■ **WORK ORDER**:
Take the material below and reproduce, word for word, only the lines from the line with "8 Online Games" through the line with "Singapore Cooperation Programme".
+ + +
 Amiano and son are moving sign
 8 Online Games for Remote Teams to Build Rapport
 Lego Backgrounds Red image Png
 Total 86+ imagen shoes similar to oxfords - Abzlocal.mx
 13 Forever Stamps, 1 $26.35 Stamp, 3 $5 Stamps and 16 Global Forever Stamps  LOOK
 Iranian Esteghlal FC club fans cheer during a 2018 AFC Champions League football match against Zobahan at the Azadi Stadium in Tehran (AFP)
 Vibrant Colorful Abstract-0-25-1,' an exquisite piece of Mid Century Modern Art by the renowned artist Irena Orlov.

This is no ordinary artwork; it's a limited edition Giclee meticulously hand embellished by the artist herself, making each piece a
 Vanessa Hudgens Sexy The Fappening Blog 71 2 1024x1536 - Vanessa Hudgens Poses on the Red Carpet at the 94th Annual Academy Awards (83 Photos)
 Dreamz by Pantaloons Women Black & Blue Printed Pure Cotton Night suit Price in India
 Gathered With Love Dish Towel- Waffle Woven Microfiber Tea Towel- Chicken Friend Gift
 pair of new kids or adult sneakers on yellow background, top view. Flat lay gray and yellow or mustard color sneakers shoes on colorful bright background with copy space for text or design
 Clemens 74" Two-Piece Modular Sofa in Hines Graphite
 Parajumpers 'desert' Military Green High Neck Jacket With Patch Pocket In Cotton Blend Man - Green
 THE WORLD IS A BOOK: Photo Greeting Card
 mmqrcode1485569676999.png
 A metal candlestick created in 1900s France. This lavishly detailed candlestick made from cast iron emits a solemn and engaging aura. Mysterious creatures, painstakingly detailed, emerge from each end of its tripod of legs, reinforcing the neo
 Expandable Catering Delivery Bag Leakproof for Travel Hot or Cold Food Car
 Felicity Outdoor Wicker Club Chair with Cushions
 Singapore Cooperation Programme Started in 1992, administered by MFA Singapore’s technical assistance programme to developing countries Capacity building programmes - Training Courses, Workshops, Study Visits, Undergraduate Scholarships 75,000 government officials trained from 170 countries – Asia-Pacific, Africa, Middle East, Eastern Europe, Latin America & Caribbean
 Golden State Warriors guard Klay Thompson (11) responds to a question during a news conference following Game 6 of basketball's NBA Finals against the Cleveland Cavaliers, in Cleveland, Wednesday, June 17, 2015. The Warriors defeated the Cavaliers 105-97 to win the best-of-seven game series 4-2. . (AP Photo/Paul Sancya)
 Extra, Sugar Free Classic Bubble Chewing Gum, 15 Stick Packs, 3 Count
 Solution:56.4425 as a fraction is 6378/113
+ + +
■ **YOUR SOLUTION**:
 8 Online Games for Remote Teams to Build Rapport
 Lego Backgrounds Red image Png
 Total 86+ imagen shoes similar to oxfords - Abzlocal.mx
 13 Forever Stamps, 1 $26.35 Stamp, 3 $5 Stamps and 16 Global Forever Stamps  LOOK
 Iranian Esteghlal FC club fans cheer during a 2018 AFC Champions League football match against Zobahan at the Azadi Stadium in Tehran (AFP)
 Vibrant Colorful Abstract-0-25-1,' an exquisite piece of Mid Century Modern Art by the renowned artist Irena Orlov.

This is no ordinary artwork; it's a limited edition Giclee meticulously hand embellished by the artist herself, making each piece a
 Vanessa Hudgens Sexy The Fappening Blog 71 2 1024x1536 - Vanessa Hudgens Poses on the Red Carpet at the 94th Annual Academy Awards (83 Photos)
 Dreamz by Pantaloons Women Black & Blue Printed Pure Cotton Night suit Price in India
 Gathered With Love Dish Towel- Waffle Woven Microfiber Tea Towel- Chicken Friend Gift
 pair of new kids or adult sneakers on yellow background, top view. Flat lay gray and yellow or mustard color sneakers shoes on colorful bright background with copy space for text or design
 Clemens 74" Two-Piece Modular Sofa in Hines Graphite
 Parajumpers 'desert' Military Green High Neck Jacket With Patch Pocket In Cotton Blend Man - Green
 THE WORLD IS A BOOK: Photo Greeting Card
 mmqrcode1485569676999.png
 A metal candlestick created in 1900s France. This lavishly detailed candlestick made from cast iron emits a solemn and engaging aura. Mysterious creatures, painstakingly detailed, emerge from each end of its tripod of legs, reinforcing the neo
 Expandable Catering Delivery Bag Leakproof for Travel Hot or Cold Food Car
 Felicity Outdoor Wicker Club Chair with Cushions
 Singapore Cooperation Programme Started in 1992, administered by MFA Singapore’s technical assistance programme to developing countries Capacity building programmes - Training Courses, Workshops, Study Visits, Undergraduate Scholarships 75,000 government officials trained from 170 countries – Asia-Pacific, Africa, Middle East, Eastern Europe, Latin America & Caribbean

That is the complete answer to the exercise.